Have plane, will tug

Airplanes are big part of Sun ‘n Fun, obviously.

The only part bigger are the people, such as the Exhibit Hosts committee, which is led by Bonnie Perkins.

A crew of eight to 10 people worked for three days (from 7 a.m. to sundown or beyond) before the show to move in dozens of aircraft. Try as they might to plan, “the best method for getting the aircraft to their respective spots are to go with the flow,” says volunteer Pete Eide of Cincinnati, Ohio. After all, they must work around varied aircraft arrival schedules, aircraft display area set-up with the associated tractor trailers of materials, and loads of people. Throw in inclement weather like the deluge before the 2008 fly-in and challenges abound.
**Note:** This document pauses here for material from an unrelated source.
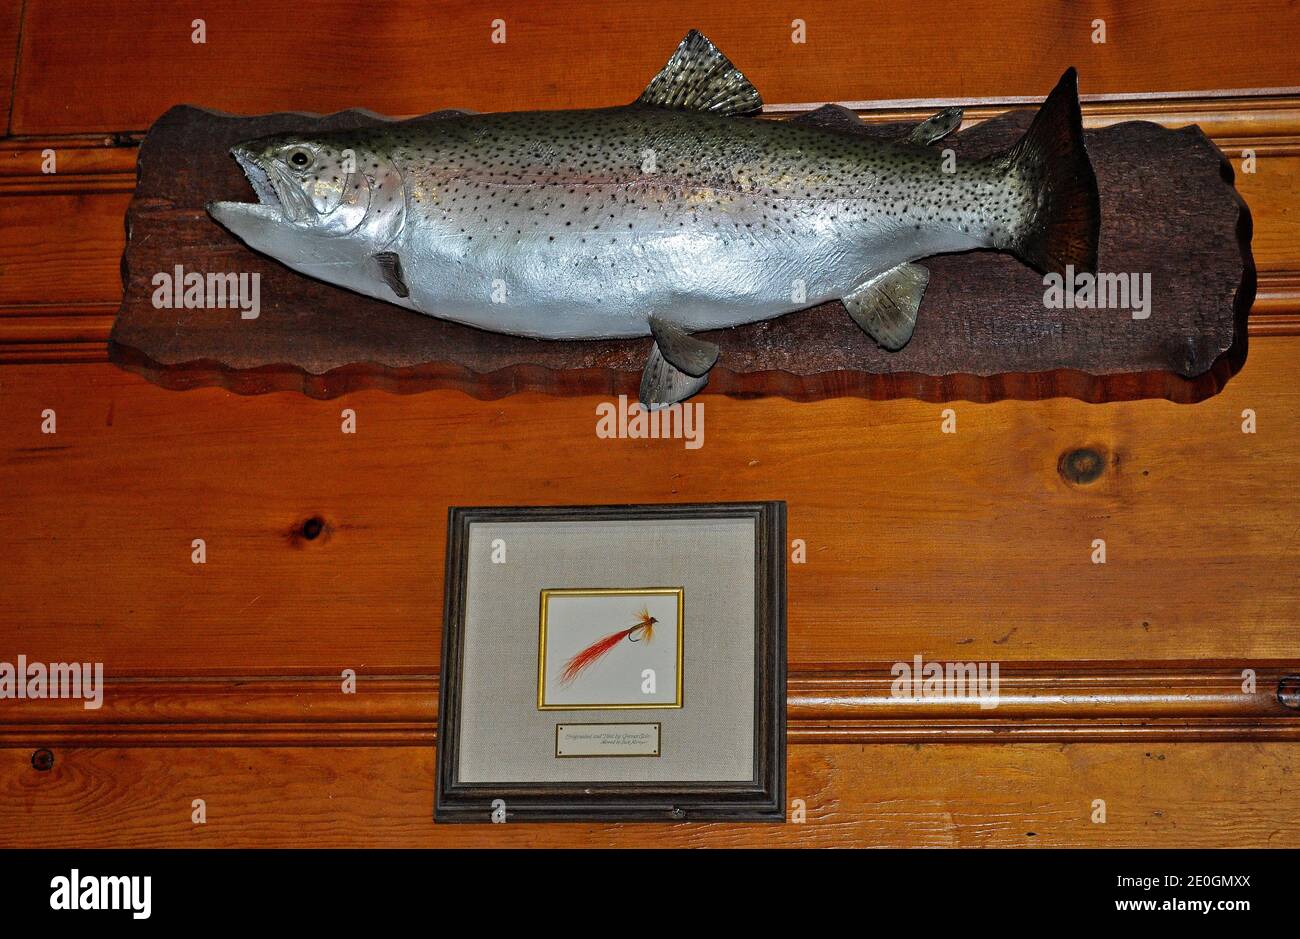 fish and tied fly display on wall of in the Angler's lodge in Golden Gate Park, San Francisco, California Stock Photo

“Cessna went into town and bought all the 3/4-inch plywood they could get their hands on. We used that to make temporary, portable ramps to move their aircraft into position, 8 feet at a time,” says six-year volunteer Mike “Ladybug” Clifton of Flagstaff, Arizona. “And the great part about that experience was, when we had their aircraft in position, they turned the lumber over to us to use with other manufacturers. That’s the true spirit of Sun ‘n Fun.”

While the volunteer corps swell for set-up and tear-down, the core group included Perkins, Clifton and Eide, as well as Sandy McKenzie, Sherrod “Doc” Campbell, Vicki Bellino and Bob Shain.

Shain from Lektro, the tug company, donates a brand-new tug for use every year during Sun ‘n Fun. After the show, the tug is cleaned up and delivered to its rightful owner. Shain has been coordinating this arrangement for more than 10 years.

During the show, the crew transitions into more of a jack-of-all-trades group. They keep the outdoor exhibit area cleared and in smooth working order. Aircraft movements drop to fewer than a dozen each day.

“In fact, we get to play ‘good cop’ during the week,” noted McKenzie. “We’ll find manufacturers’ support vehicles parked or positioned incorrectly and get them to move it before the ‘bad cops’ have them towed. The manufacturers sure appreciate that.”

The group also likes to have some fun. This year, after a long day of tugging aircraft, the crew came back to the grounds after dinner and put some rubber ducks, named for the crew, in a little pond in the Aviat display.

“The exhibitors certainly have the spirit of aviation in general and Sun ‘n Fun in particular,” added McKenzie. “That makes our ‘job’ a joy.”